ACTIVITY: It would help if you retyped the data exactly, leaving out the pictures.

DATA BLOCK:
# # # #

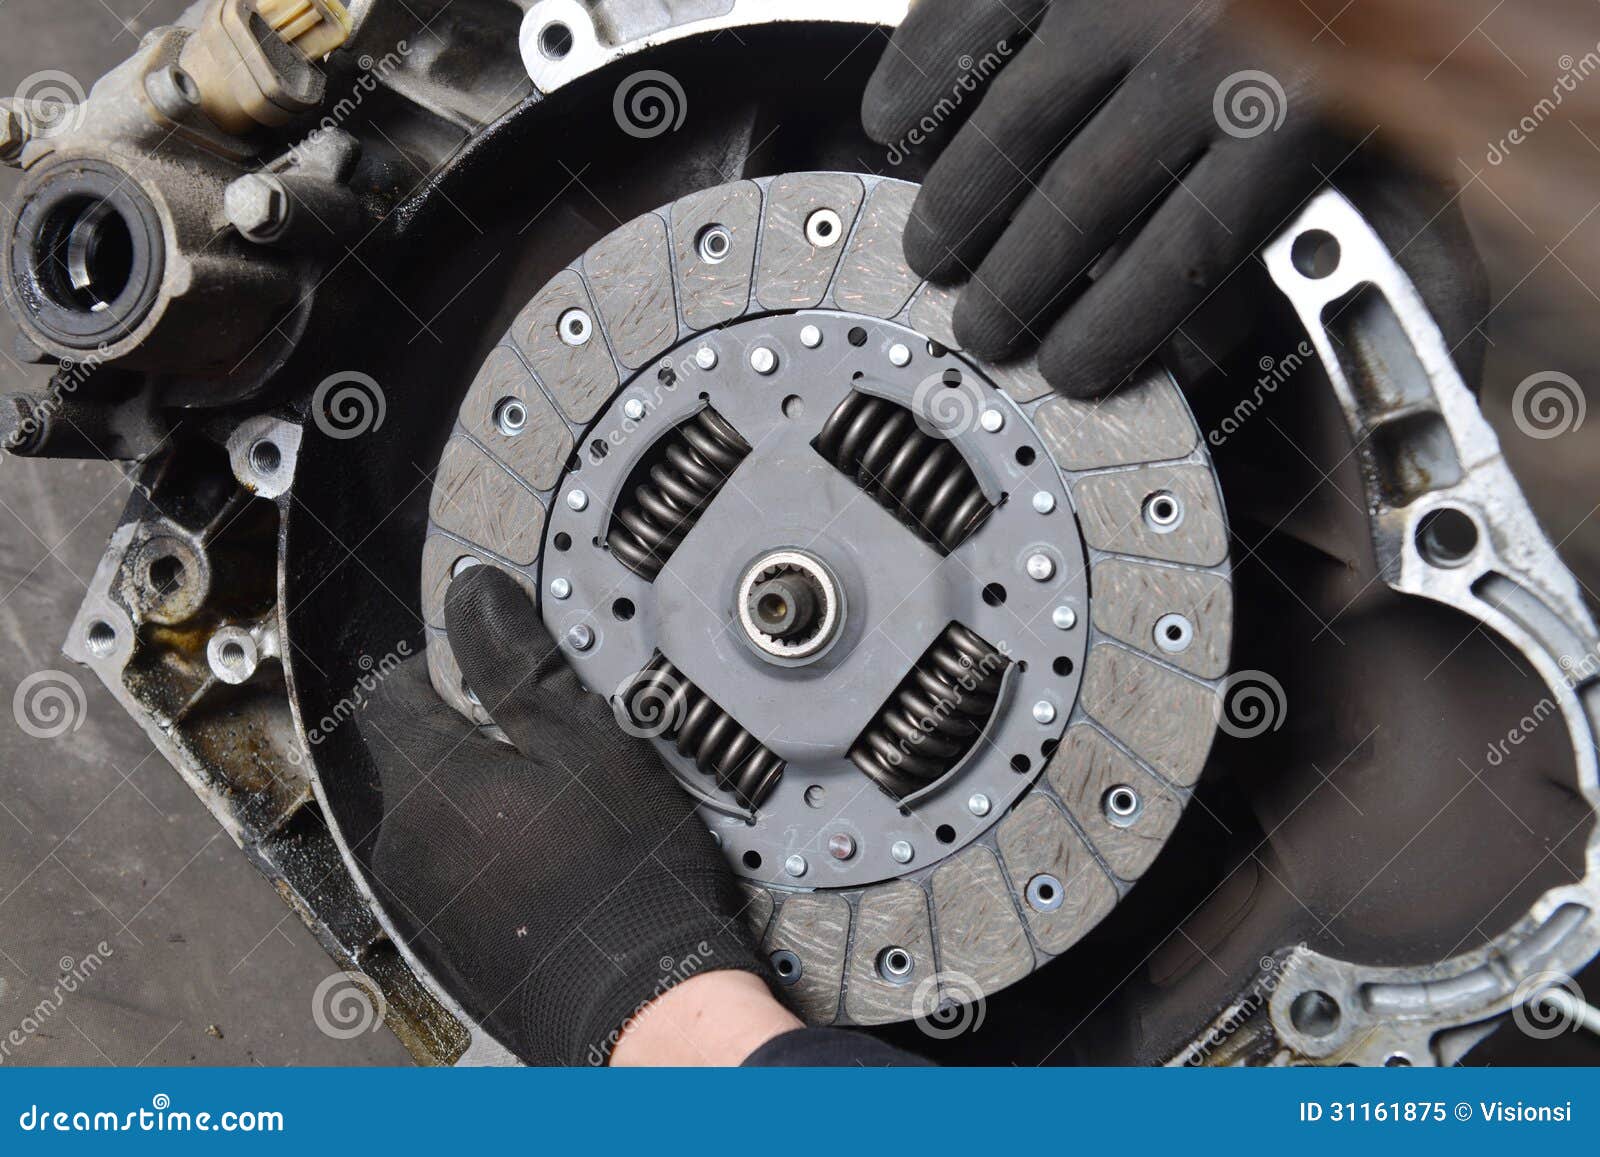 vehicle clutch, car mechanic is changing clutch
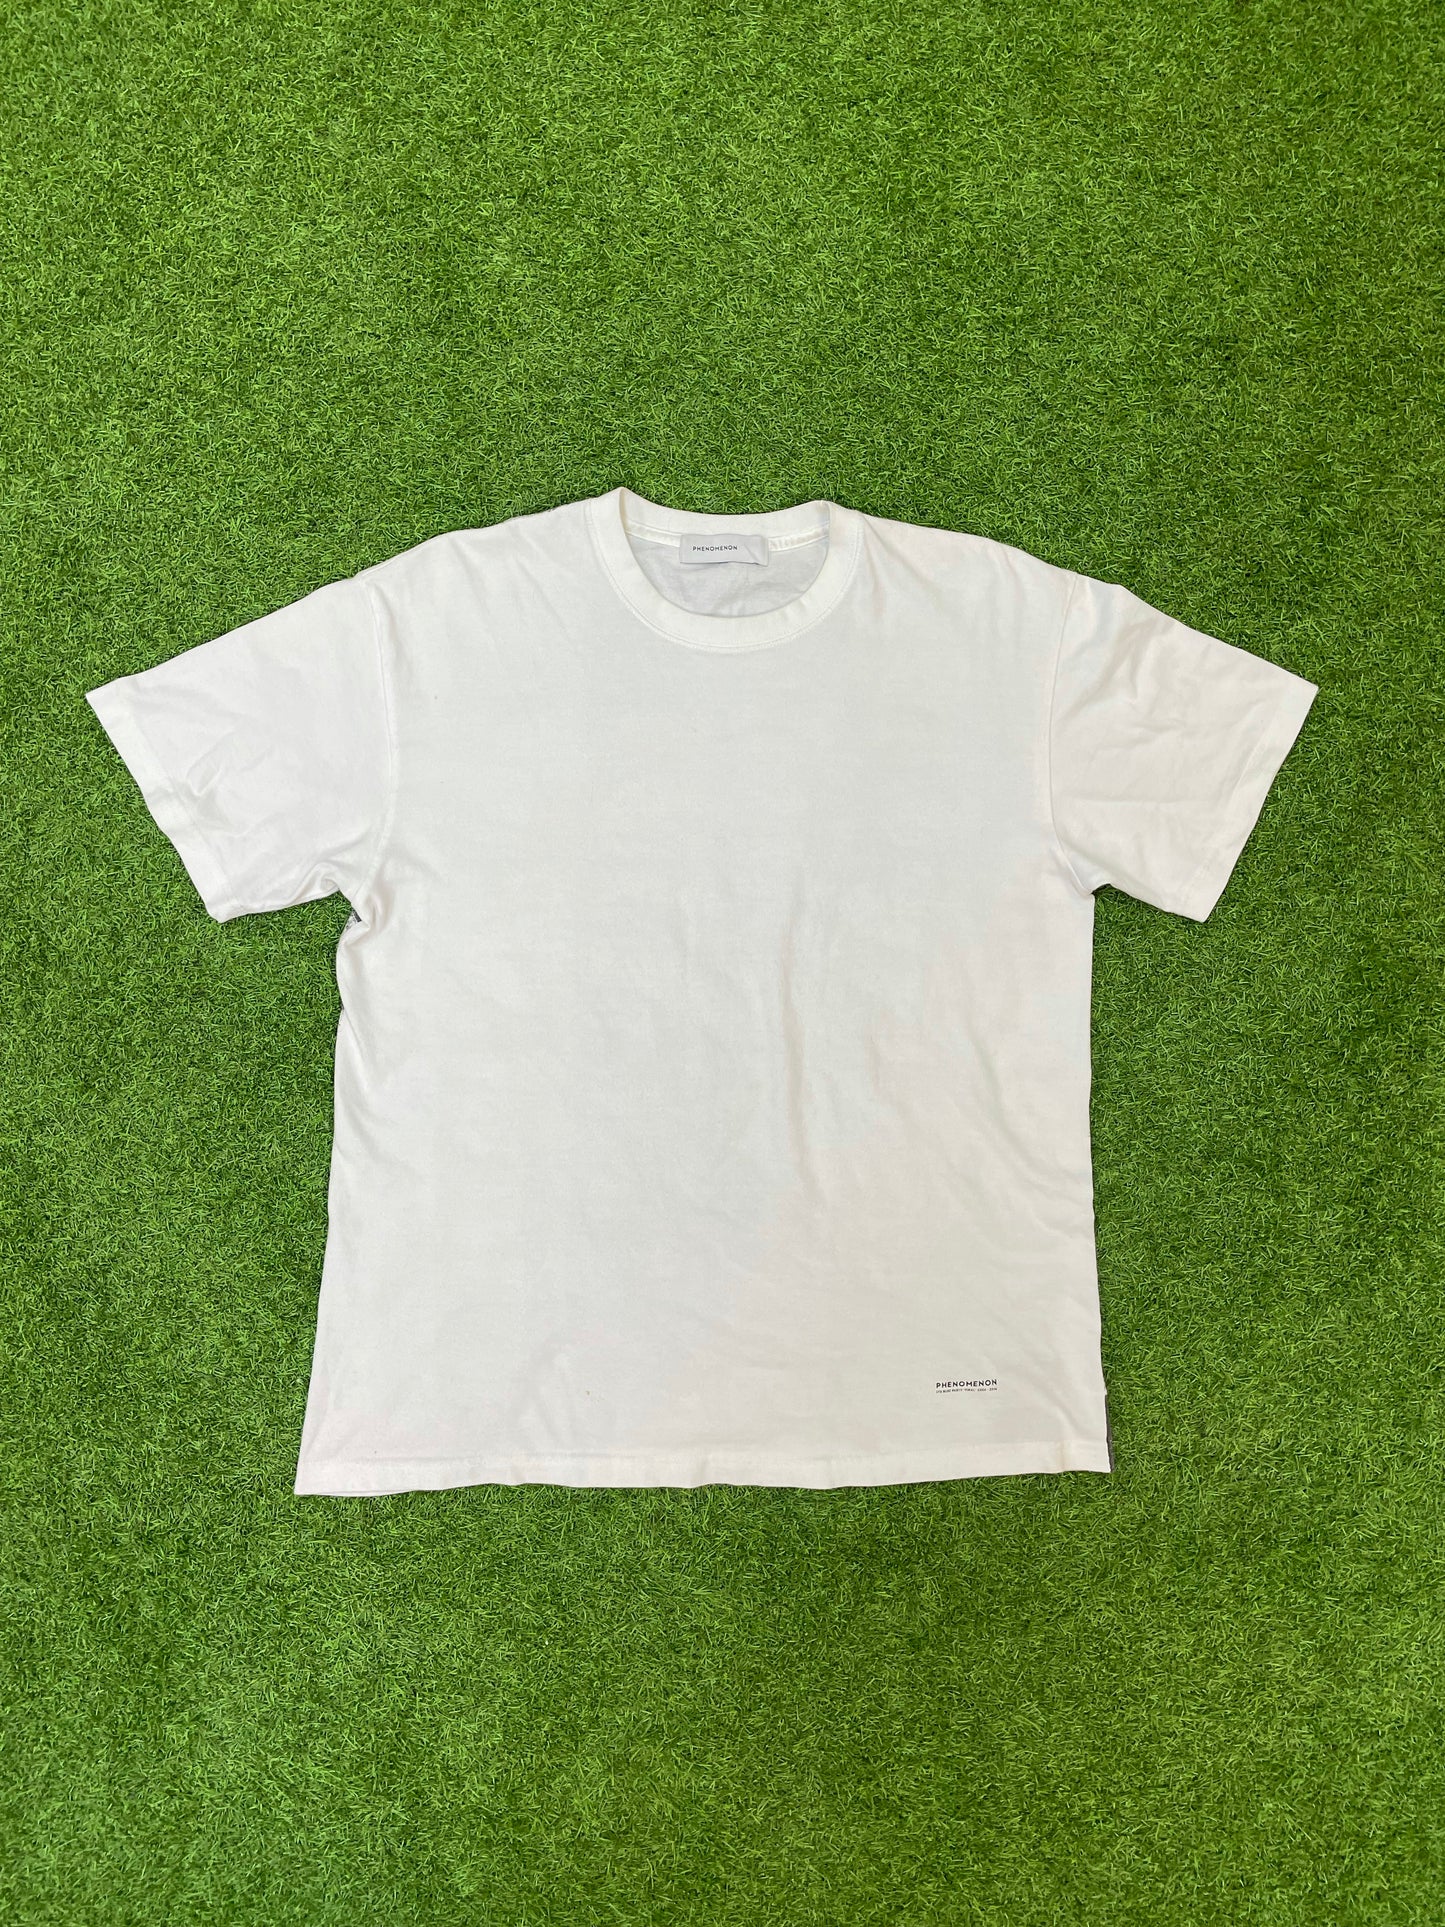 SS2016 Phenomenon Multi-Pocket "MA-1" T-Shirt
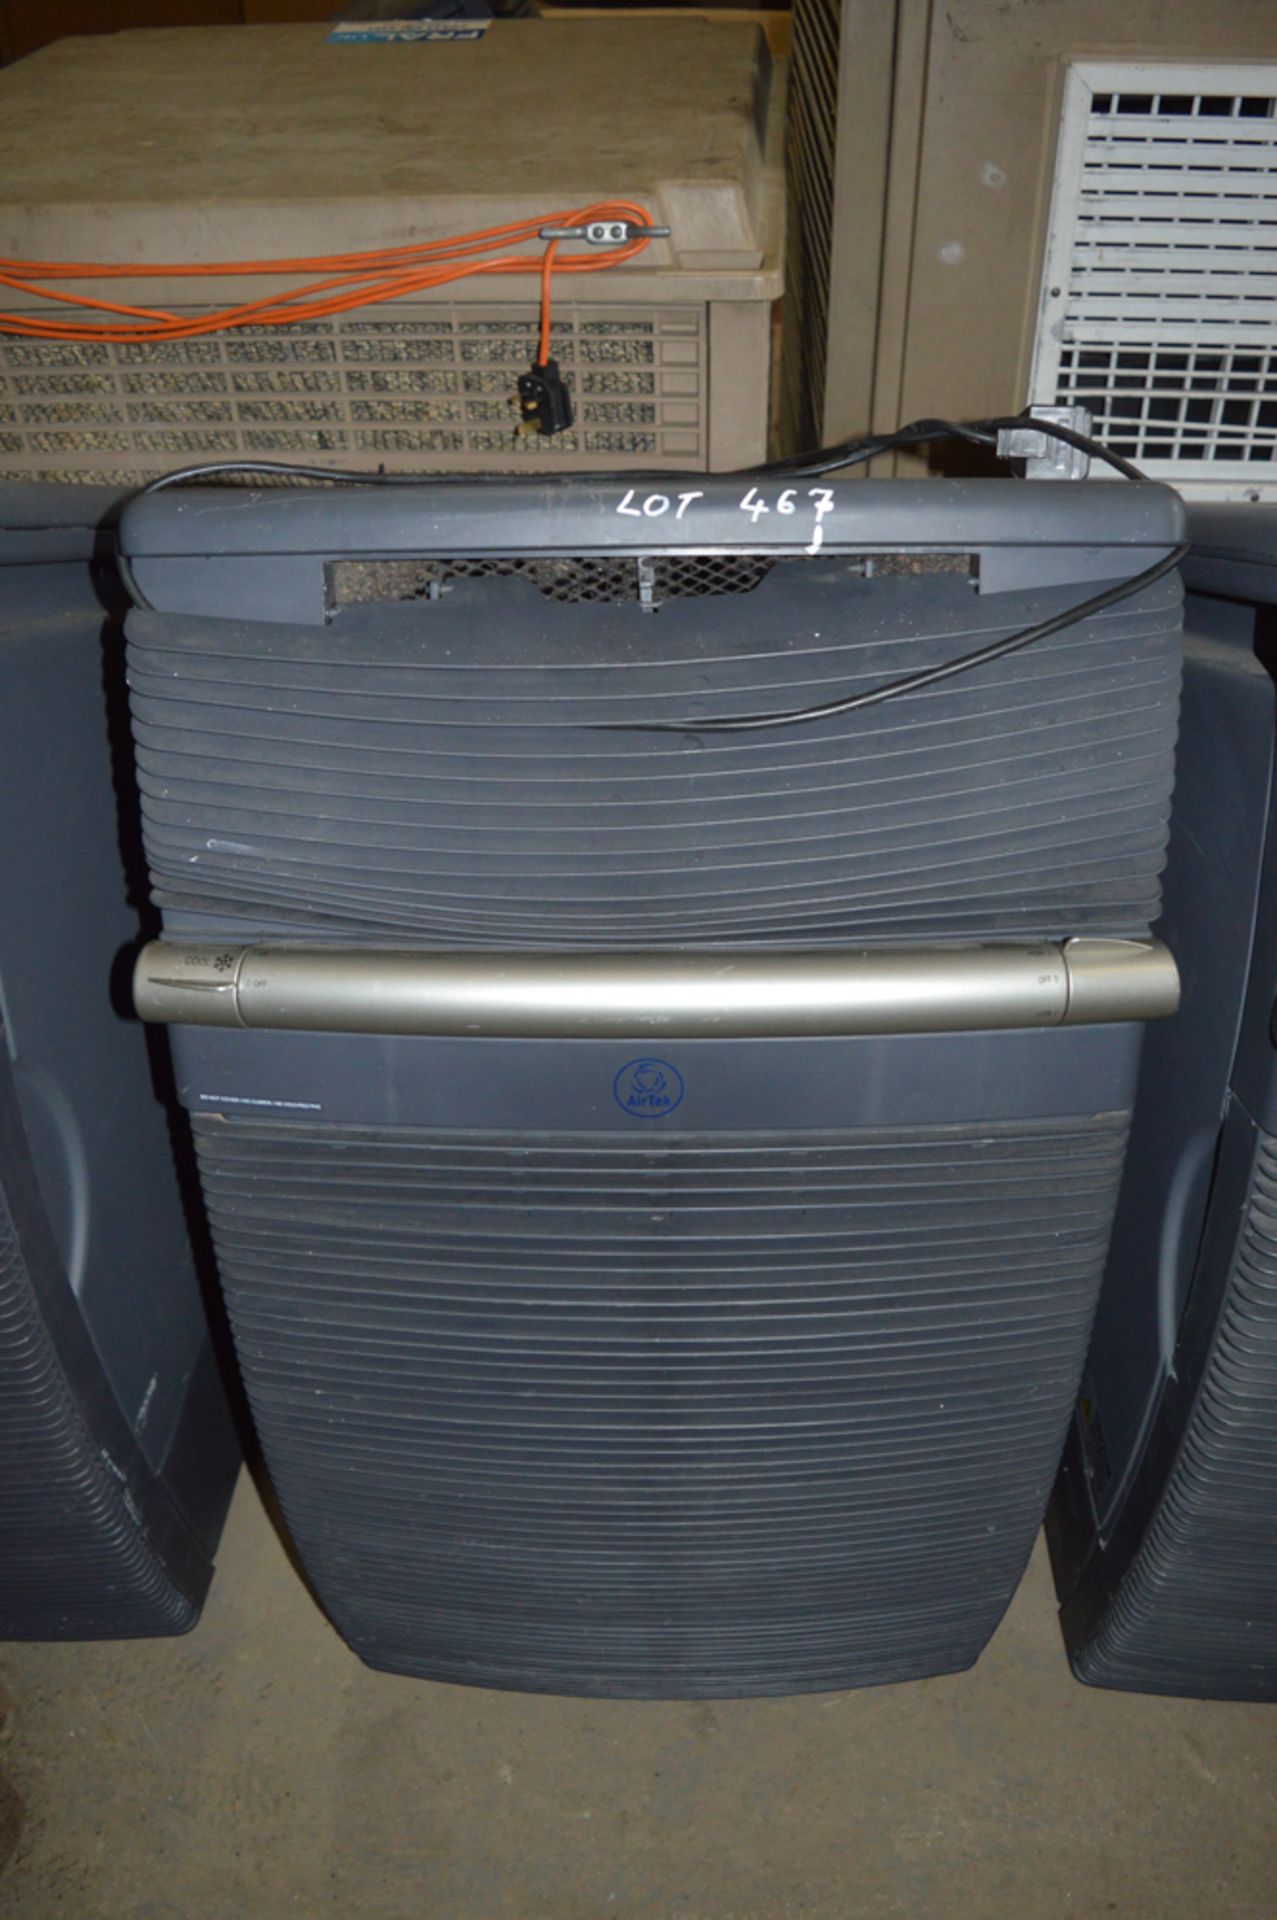 Airtek 240v air conditioning unit

# # # #

RESPONSE TO THIS TASK:
 vehicle clutch, car mechanic is changing clutch
 SS2016 Phenomenon Multi-Pocket "MA-1" T-Shirt
 Airtek 240v air conditioning unit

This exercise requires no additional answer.